I worked out of an office in NYC, and flew to the west coast every two weeks
to attend a staff meeting that lasted about 2.5 hours. I literally earned
enough frequent travel points that I didnt pay for a vacation from 2003-2009.

If you work for a company like Microsoft or IBM or Bank of America, you work
in a bureaucracy at least as dysfunctional and Byzantine as an average US
state. The Federal government is a whole other beast unto itself, but there
are probably companies as screwy as they are too.

The fact that the private entity purges some folks doesn't make them better.

------
scarmig
If you're interested in making actually good software for the government, an
agency that looks like it's genuinely dedicated to that end is the Consumer
Financial Protection Bureau.

[http://www.consumerfinance.gov/jobs/design-technology-
fellow...](http://www.consumerfinance.gov/jobs/design-technology-fellows)
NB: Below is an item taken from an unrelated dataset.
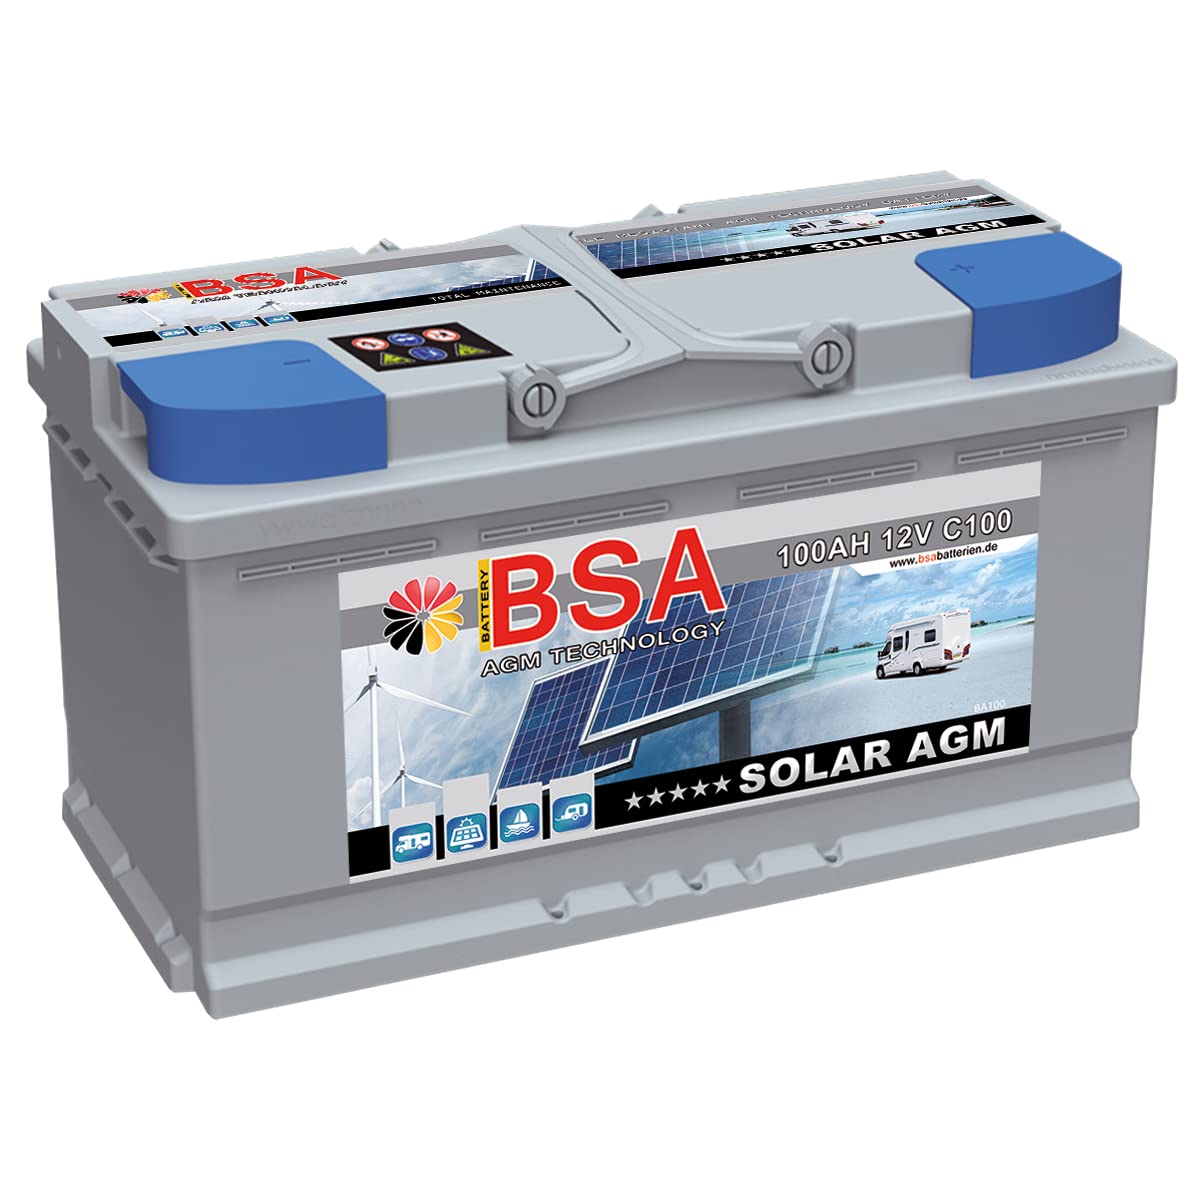 BSA Solarbatterie 12V 100Ah Solar Akku Wohnmobil Boot Mover Schiff AGM Gel Batterie von BSA BATTERY HIGH QUALITY BATTERIES

For their Design + Technology Fellowship, the deadline is this Friday.

You can complain about how government does things, or you can do something to
fix it.

------
carson
From the site in question:

"American FactFinder works with Mozilla Firefox 3.6 and Microsoft Internet
Explorer 7. Other browsers may not perform as expected. "

I wonder what it would cost to get support for Chrome.

------
jevinskie
I'm curious to see what caliber/capabilities HN thinks software that costs $33
million should offer. I have experience with cycle accurate emulators that
cost $100k/floating license but never anything at the $33 million level!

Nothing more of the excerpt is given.